[Opening INPUT DATA section]
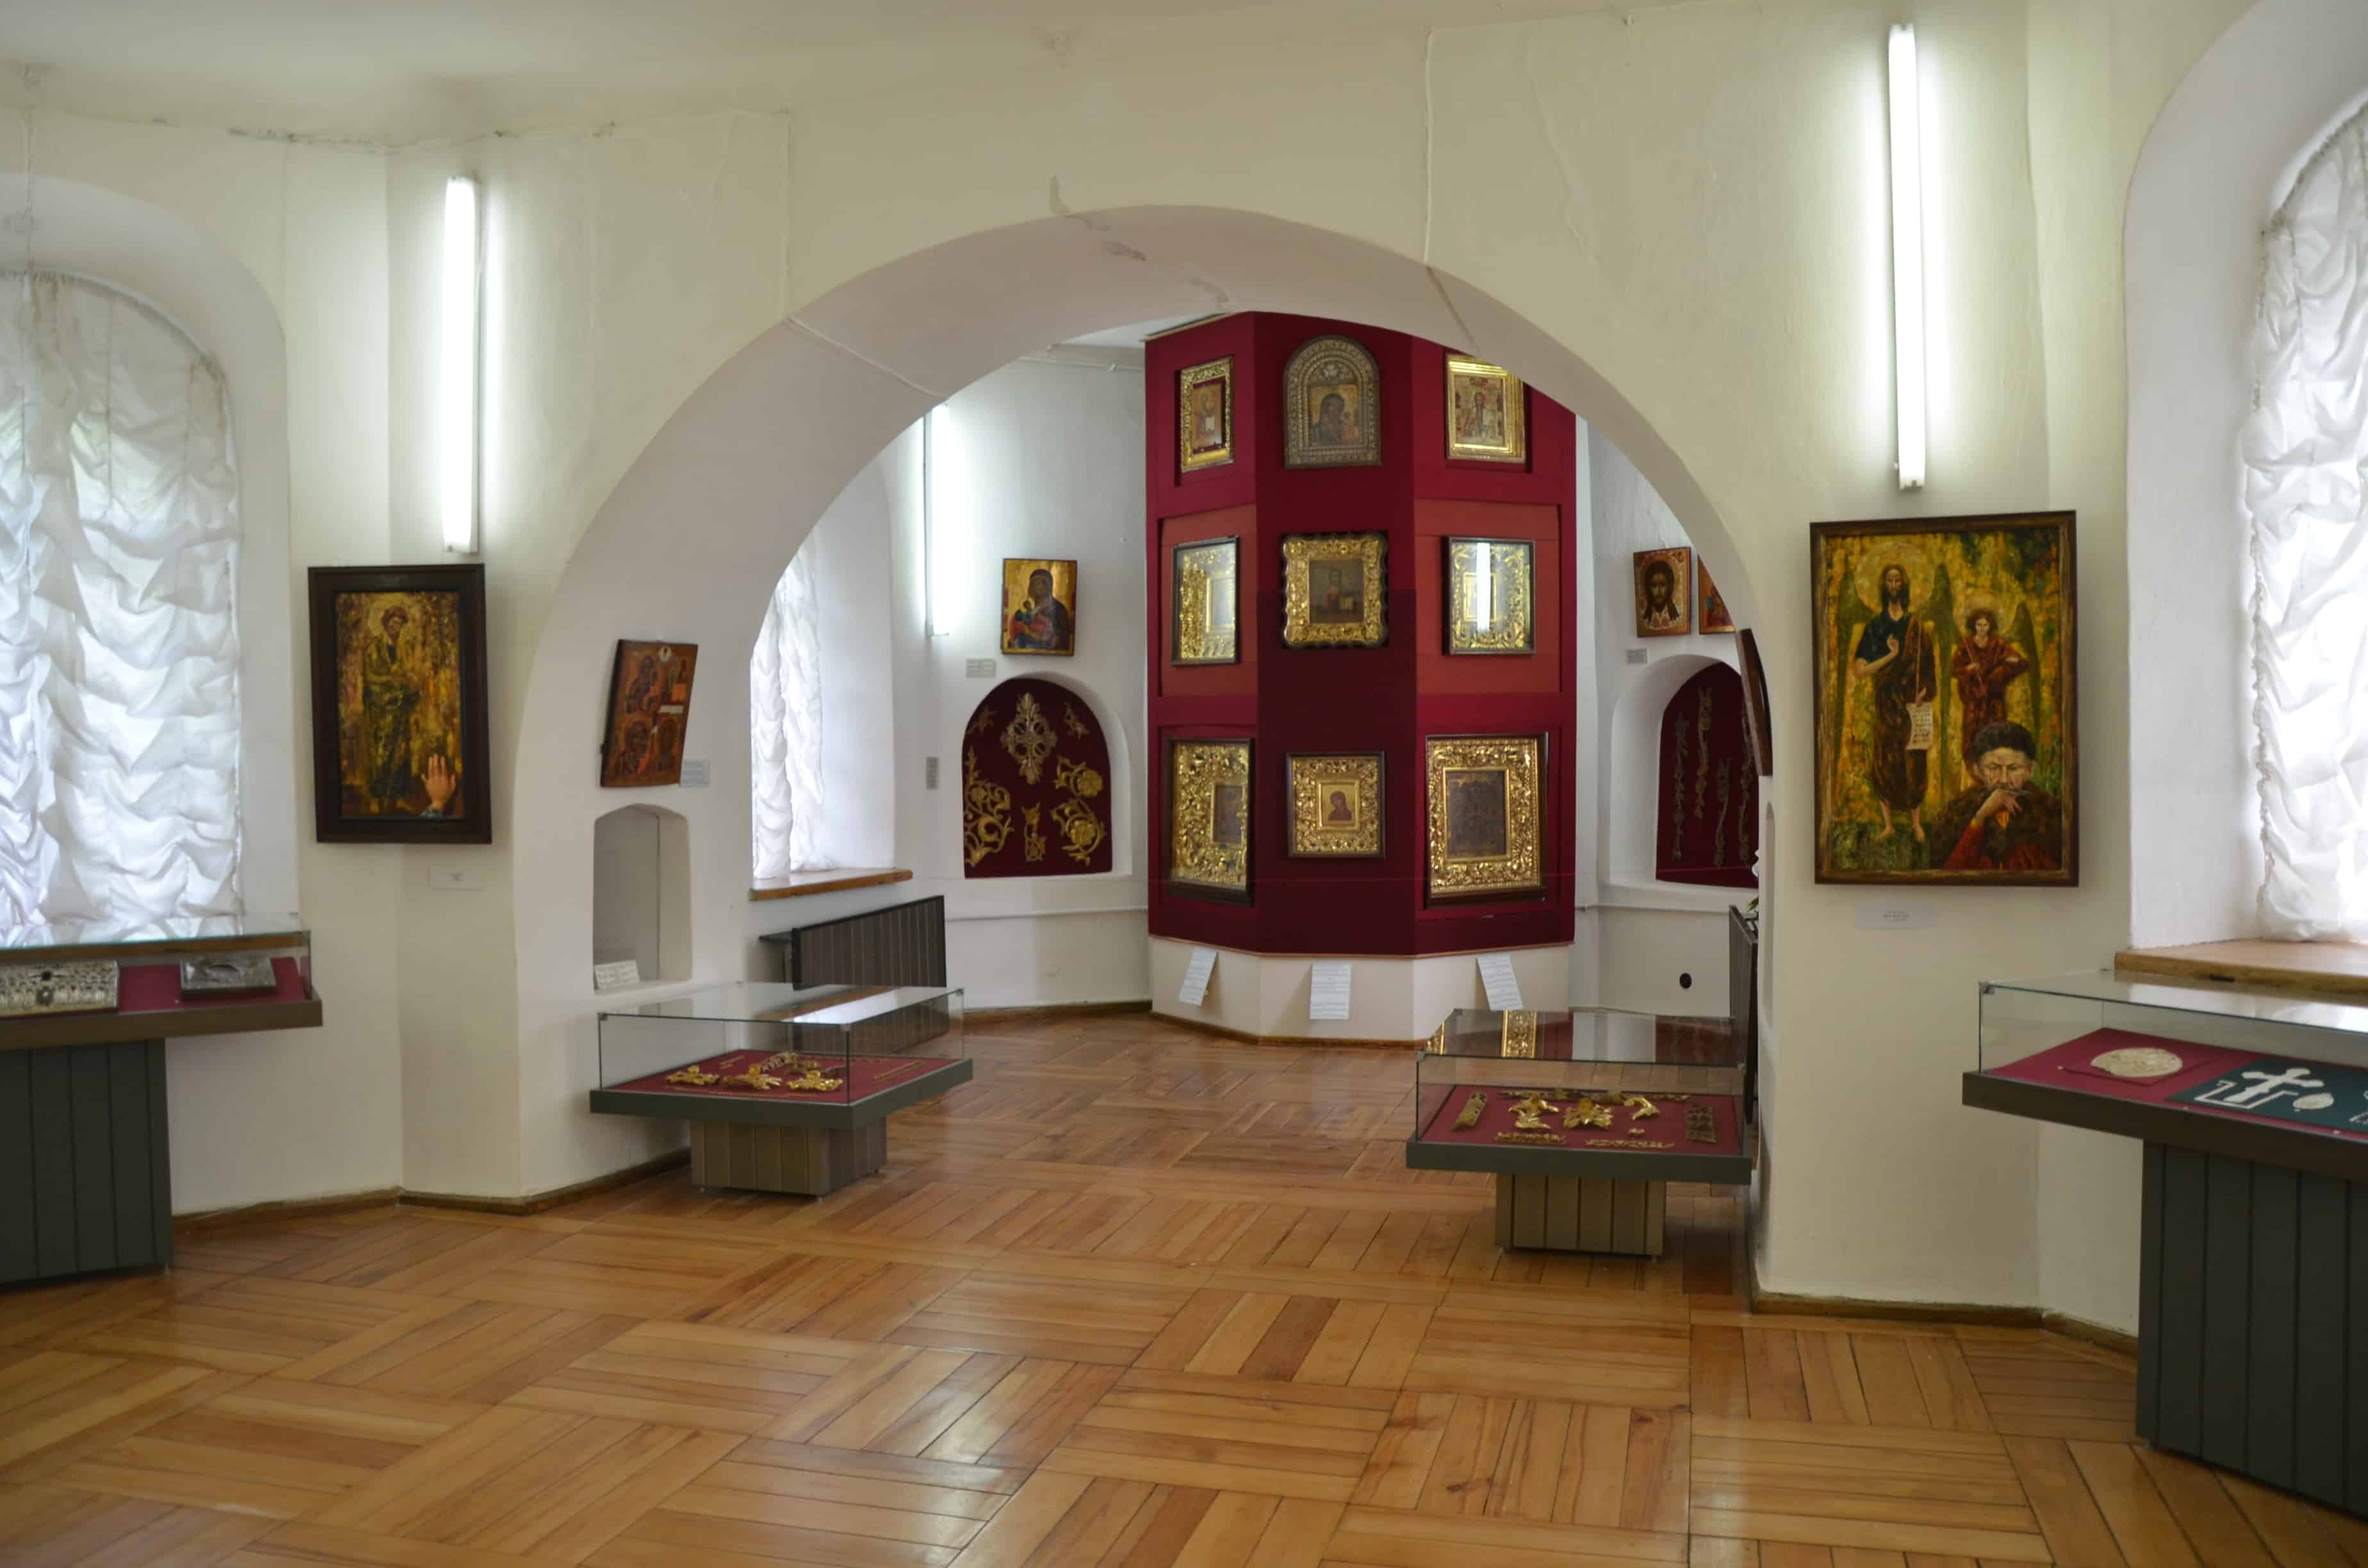 Exhibits inside the Collegium
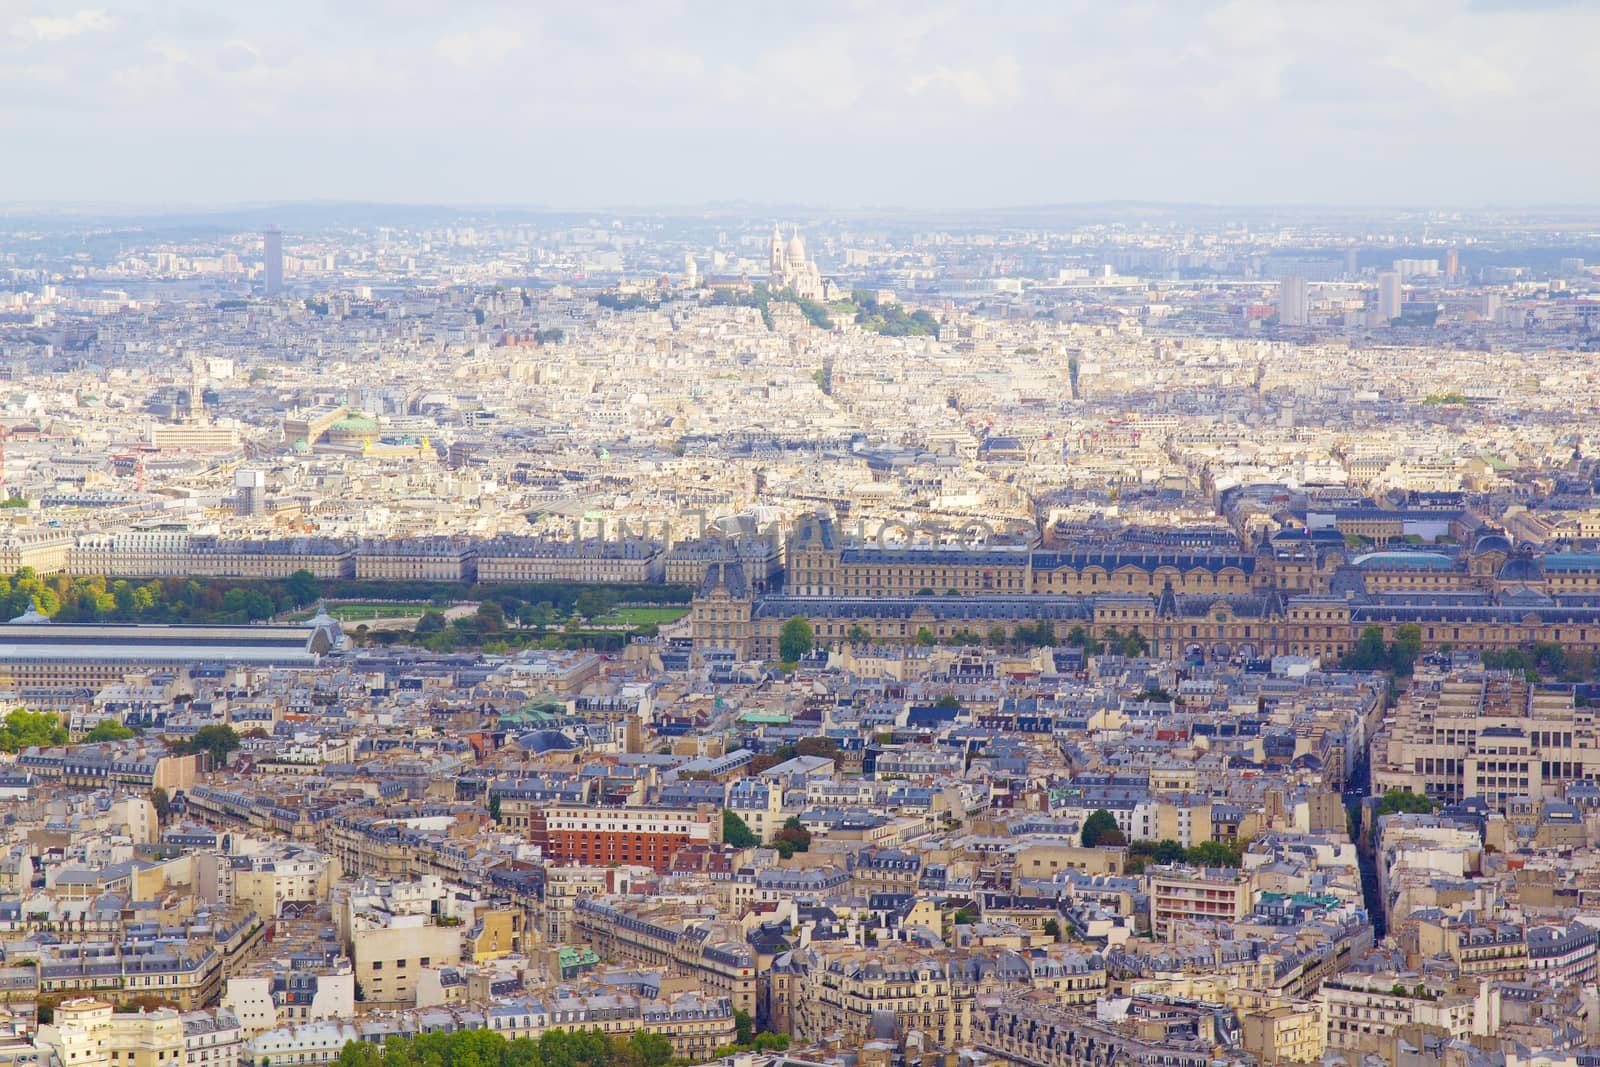 Parisian cityscape by Dermot68
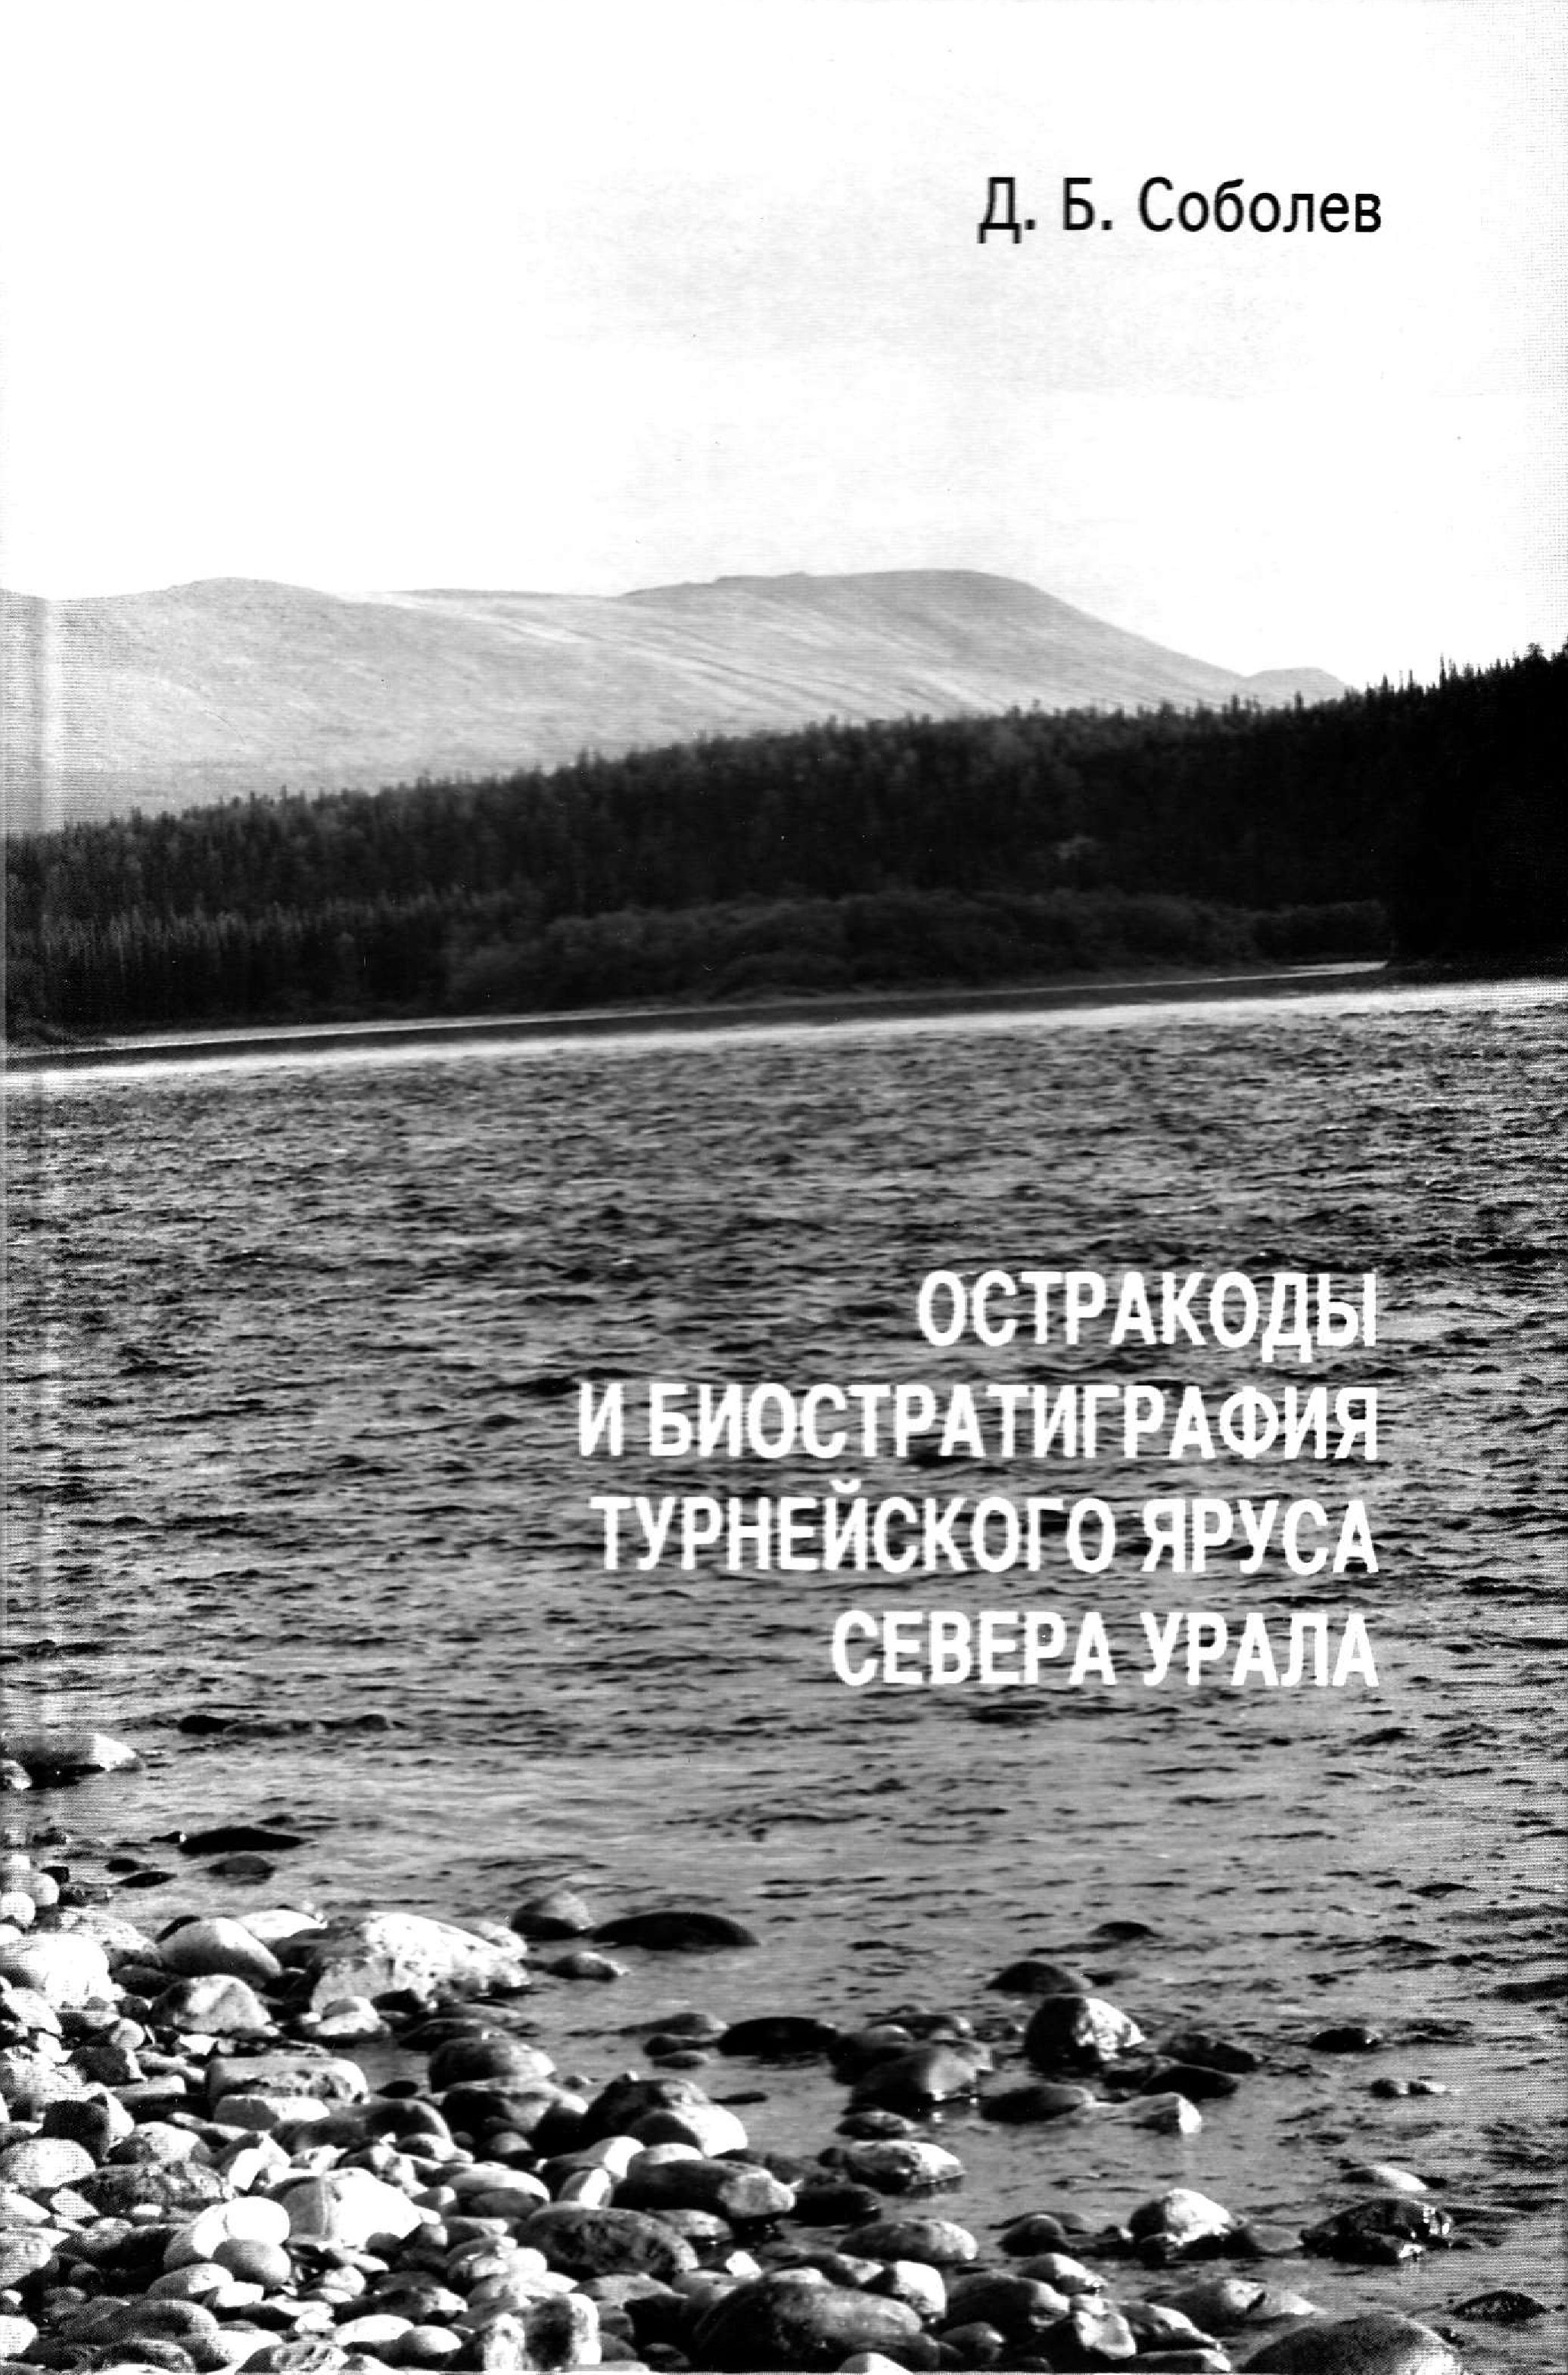 Соболев Д.Б. Остракоды и биостратиграфия турнейского яруса севера Урала
[Closing INPUT DATA section]
The lines to repeat run from the line containing "Parisian cityscape by Dermot68" through the last line of the material above; give them exactly, without the pictures.

 Parisian cityscape by Dermot68
 Соболев Д.Б. Остракоды и биостратиграфия турнейского яруса севера Урала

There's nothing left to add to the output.